Prof. Jayanth R. Varma’s Financial Markets Blog

A blog on financial markets and their regulation

SEBI should be more proactive in disclosing regulatory information

The Securities and Exchange Board of India (SEBI) seems to be more aggressive in requiring listed companies to disclose material information than it is in disclosing important regulatory information itself or requiring regulated entities to disclose it. That is the only conclusion that can be drawn from the Draft Red Herring Prospectus (DRHP) filed by the National Stock Exchange (NSE) last week. The NSE is an important Financial Market Infrastructure (FMI) and yet critical information about market integrity at this FMI is becoming available only now in the context of its listing!

The third risk factor in this DRHP discloses the following information regarding complaints about unfair access being provided to some trading members at NSE:

  • SEBI received these complaints nearly two years ago

  • In response to a directive from SEBI, NSE submitted a report on this to SEBI more than a year ago.

  • A year ago, SEBI engaged a team headed by professors of the Indian Institute of Technology, Bombay to examine these complaints.

  • The report of this team was sent to NSE nine months ago. NSE in turn submitted a response disputing these findings.

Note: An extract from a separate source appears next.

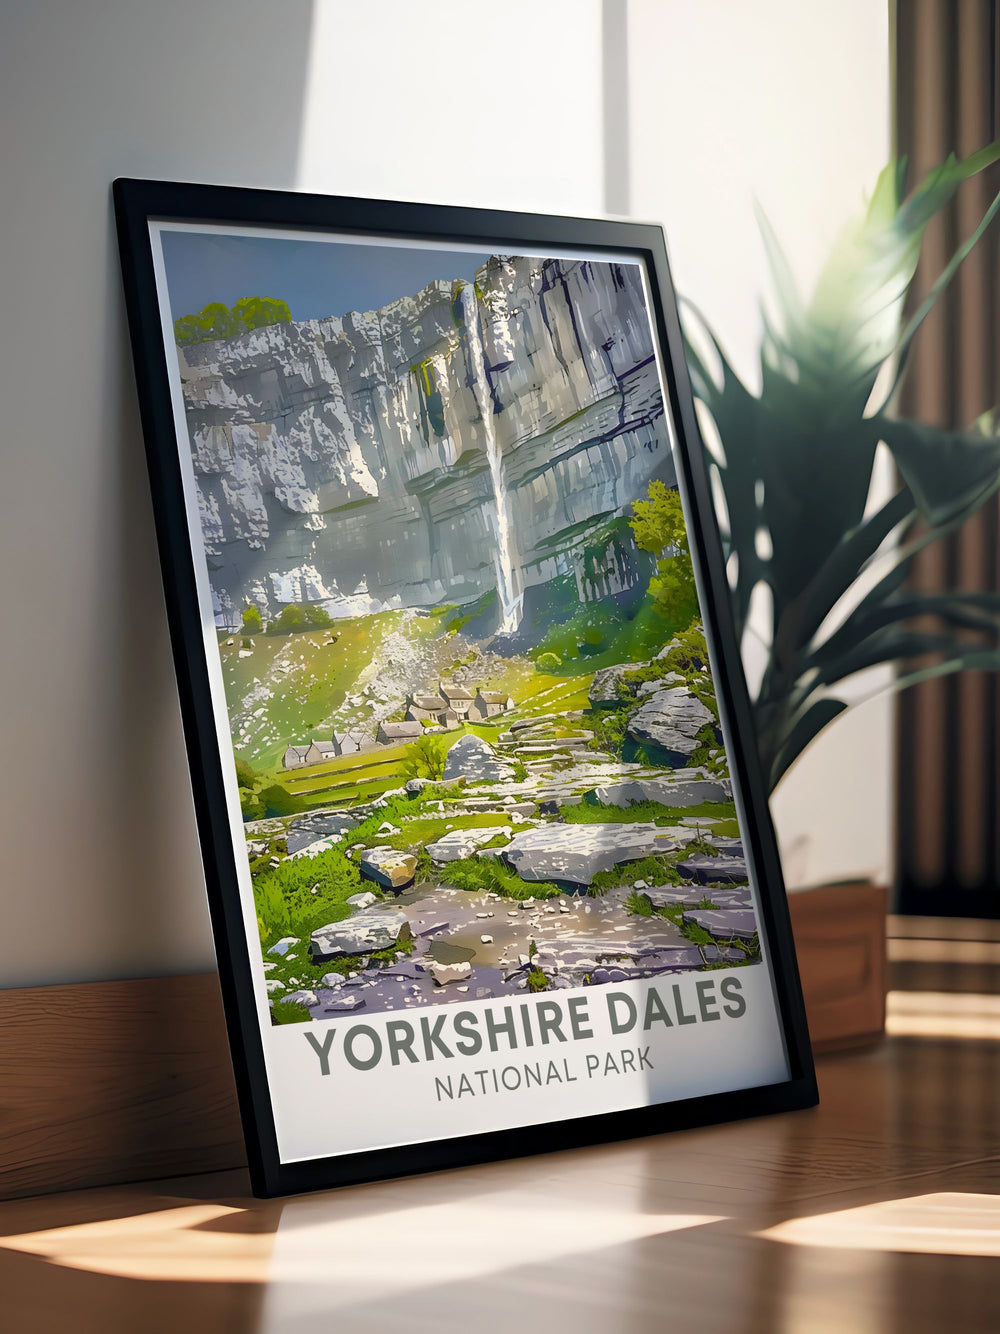 Discover the charm of the Yorkshire Dales with this Malhom Cov posterViaduct featuring stunning views of the iconic viaduct and lush surroundings perfect for any nature lovers home.

  • Four months ago, SEBI sent an Observation Letter to NSE stating that “the architecture of [NSE] with respect to dissemination of TBT data … was prone to manipulation and market abuse” and advised NSE to appoint an independent agency to conduct an examination of all the concerns highlighted in the IIT Interim Report.

  • The report of the Independent Agency was filed with SEBI a fortnight ago.

All this information is becoming public only as a result of the NSE filing for a public issue. SEBI seems to have taken the narrow and untenable view that the operations of a large Financial Market Infrastructure are of concern only to its shareholders and so disclosure is required only when the FMI goes public. It is surely absurd to claim that listed companies should be held to higher disclosure standards than key regulated entities. If this absurdity is really the regulator’s view, then it should forthwith require that all depositories, exchanges and clearing corporations become listed companies so that they conform to higher disclosure standards.

In my view, all the documents whose existence has now been disclosed represent material information about the operation of one of India’s most critical Financial Market Infrastructure. These documents ought to have been disclosed long ago, but it is still not too late for the regulator to release suitably redacted versions of all these documents:

  • Since some of the facts are disputed, both sides of the story should be disclosed with a clear disclaimer.

  • Since individuals ought not to be named without firm evidence, these names ought to be redacted before disclosing the documents.

  • Since some of the documents may contain proprietary confidential information, these too should be redacted before publication.